BIO:

Nicoletta Liguori is a physicist with experimental and computational experience in biomolecular physics, especially in photosynthesis. She graduated cum laude in physics at Università degli Studi Roma Tre (IT), after an MSc thesis in molecular dynamics (MD) simulations of biomolecules at UC Berkeley (US) in T. Head-Gordon’s group. For her Ph.D., she joined the group of Biophysics of Photosynthesis headed by R. Croce at the VU Amsterdam (NL). During her Ph.D., she combined ultrafast spectroscopy with MD simulations to investigate how photosynthetic organisms avoid photodamage at the molecular level. In 2018 she obtained a competitive national grant (VENI) from the Dutch Research Council (NWO), that allowed her to to establish her independent research line in the LaserLab of the VU Amsterdam. The focus of her project was the development of a novel spectroscopic tool able to capture in real time the role of the environment in modulating the spectroscopic properties of molecules. At the LaserLab, she was also Project Leader of several competitive grants awarded by NWO to run MD simulations on the national supercomputing facilities. In October 2022, N.L. was appointed principal investigator at ICFO - The Institute of Photonic Sciences (ES), within the elite CELLEX NEST fellow program. She was later awarded a prestigious national La Caixa Junior Leader grant in support of her research and in 2024 she was elected member of the Young Academy of Europe. Her group, called “Photon Harvesting in Plants and Biomolecules” (PHPB), develops novel spectroscopic and computational tools to study the functional response of photoactive systems to changes in structure, light and environment.

TALK: "Photosynthetic proteins in action! Towards a real‐time investigation of how light‐harvesting is regulated in photosynthetic organisms"

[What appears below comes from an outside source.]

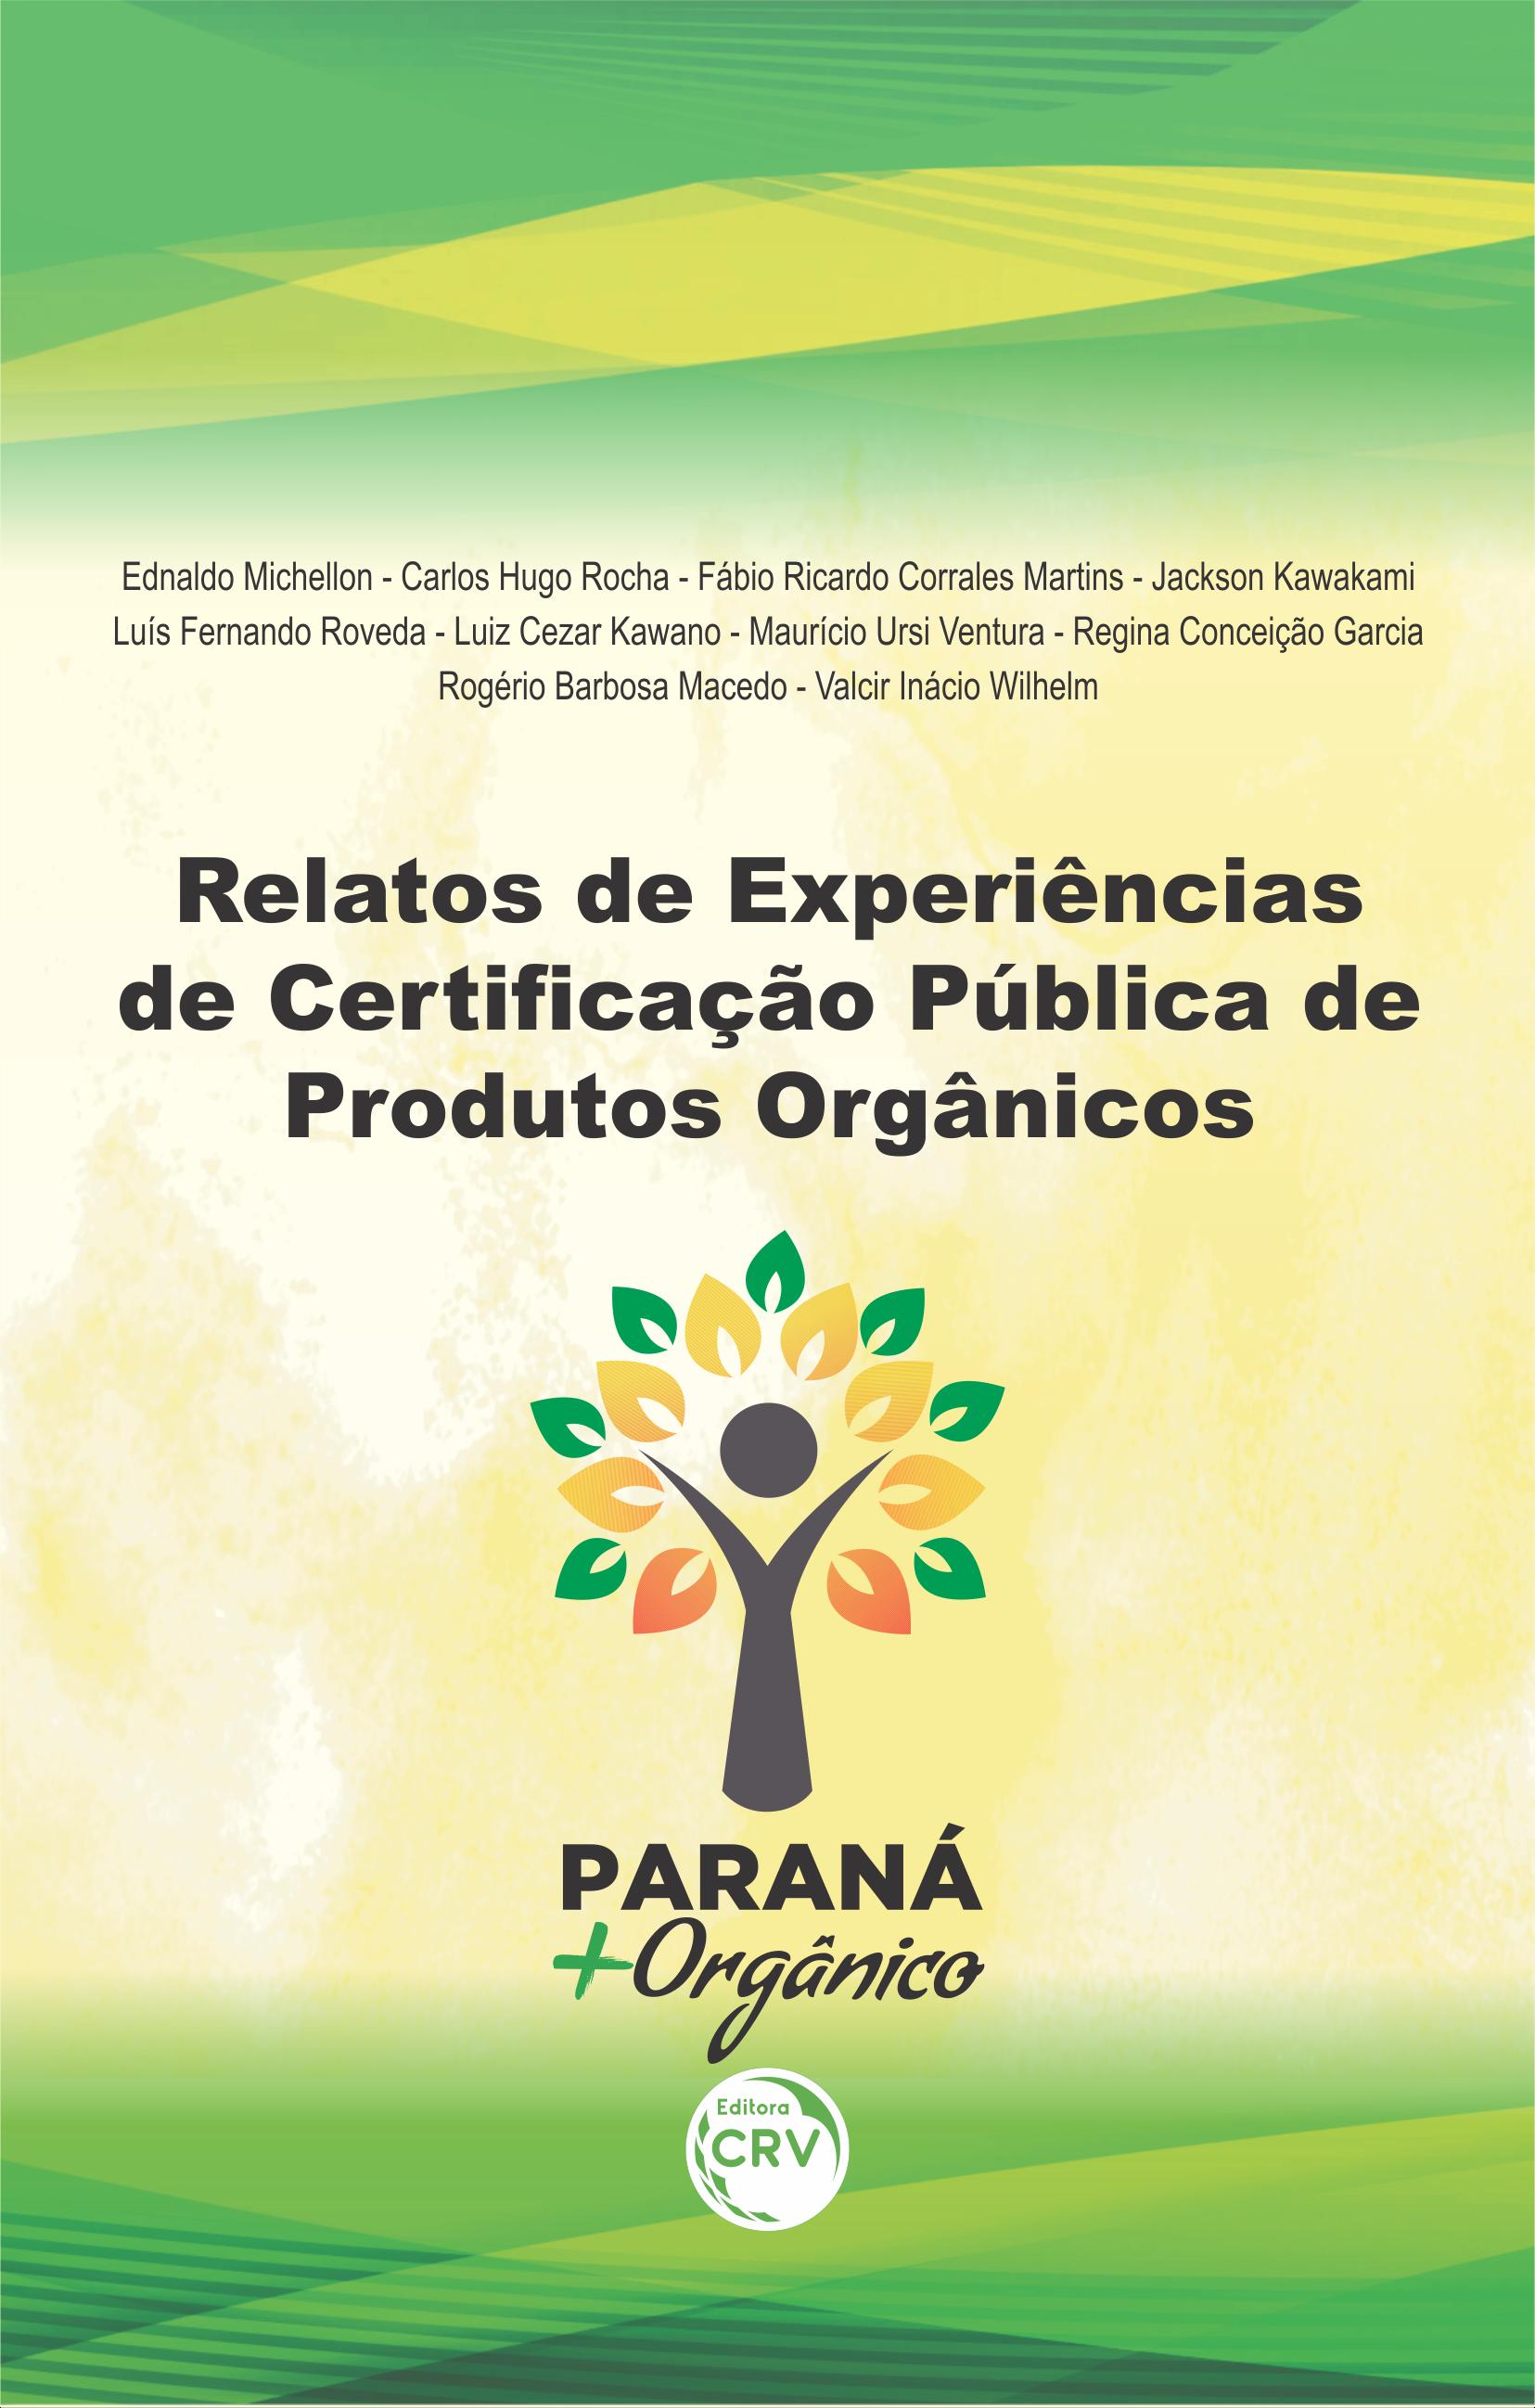 Capa do livro: PARANÁ MAIS ORGÂNICO: <br> relatos de experiências de certificação pública de produtos orgânicos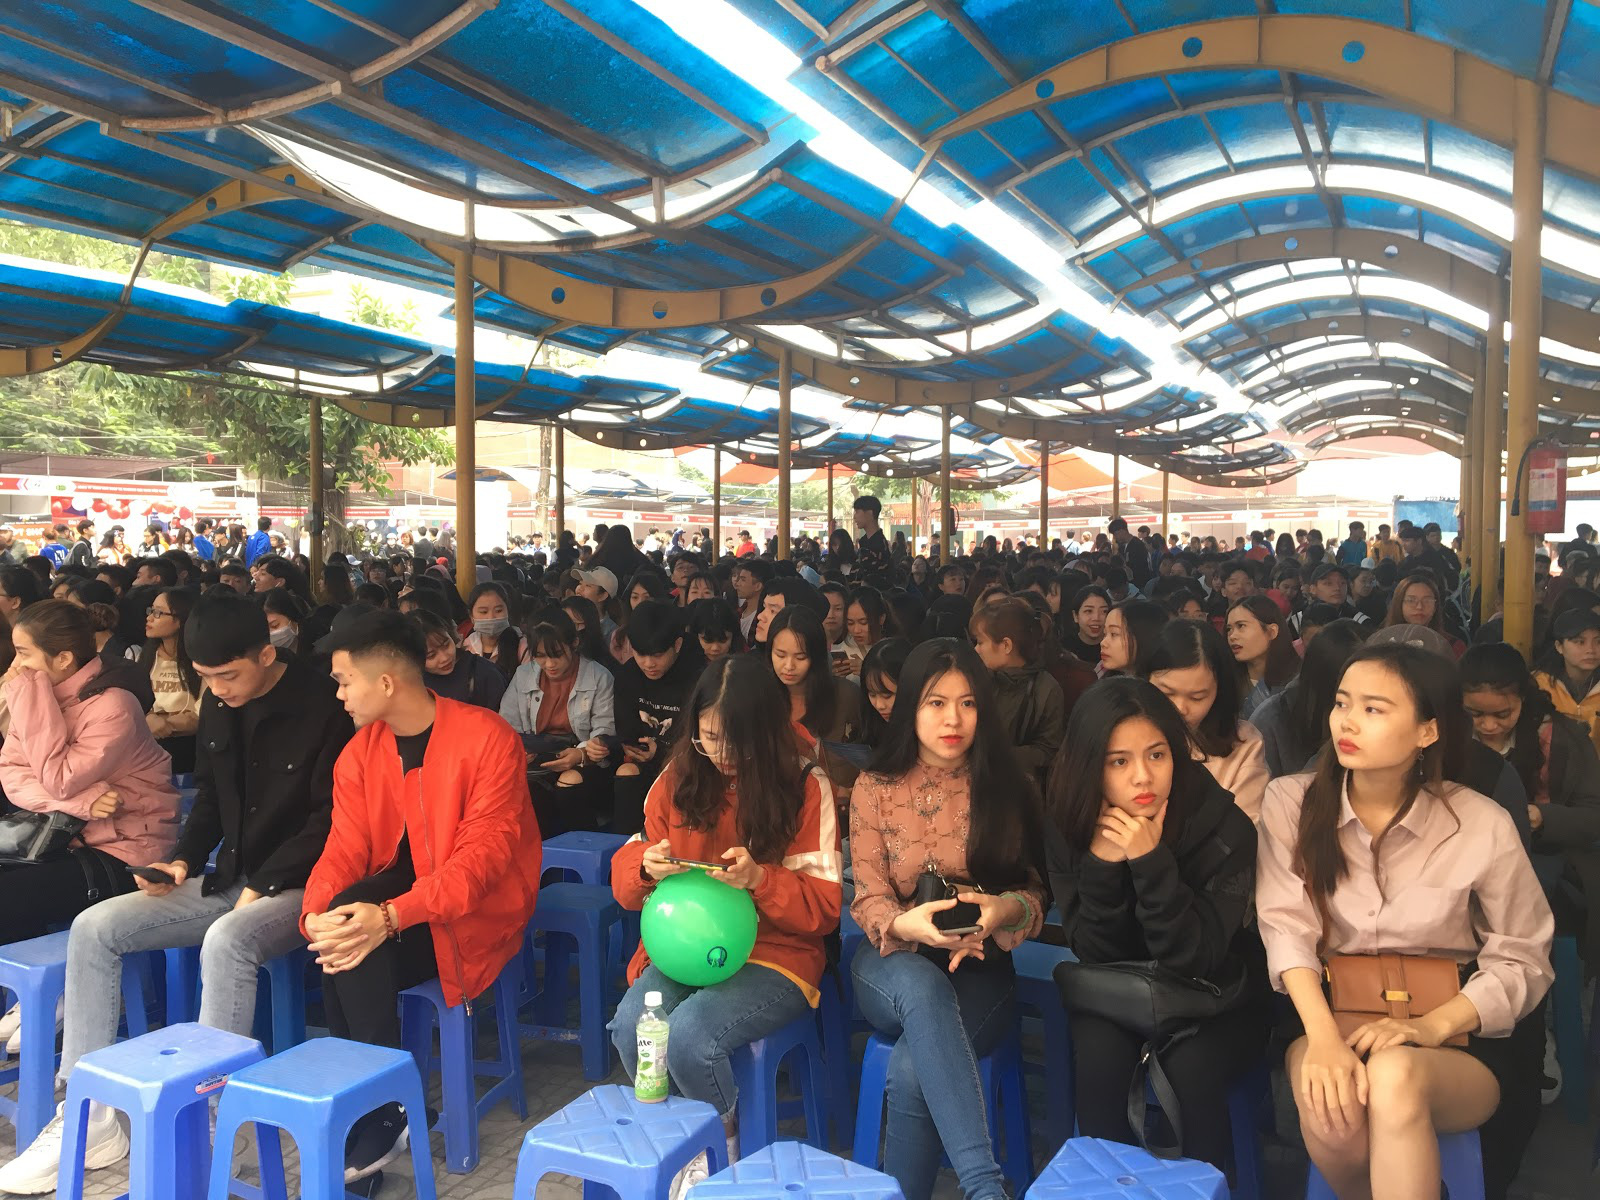 Sôi động với 3.000 sinh viên trường Đại học HUBT tại Ngày hội việc làm 2019 - Ảnh 4.

Plants and algae provide a natural example of how solar energy can be converted into chemical energy in the presence of oxygen while avoiding photodamage. It has now been established that plants and algae prevent photooxidation by activating a rapidly inducible and reversible photoprotective mechanism at the level of their light-harvesting complexes. However, the precise activation process of this photoprotective mechanism remains unknown. We will here introduce our current understanding of how light-harvesting is regulated in plants and algae and, more generally, in oxygenic photosynthetic organisms. We will then highlight the tools, especially in the field of ultrafast spectroscopy, developed by our group aimed at unraveling the molecular mechanisms governing the activation of photoprotection in photosynthetic organisms. Understanding both the mechanism and the rate at which plants can activate or deactivate photoprotection will provide answers to long-standing open questions in the fields of biophysics and physical chemistry. This knowledge will also be instrumental in inspiring new studies focused on maximizing plant productivity through the optimization of photoprotective responses—a recent, groundbreaking avenue of research (de Souza et al., Science 2022; Kromdijk et al., Science 2016).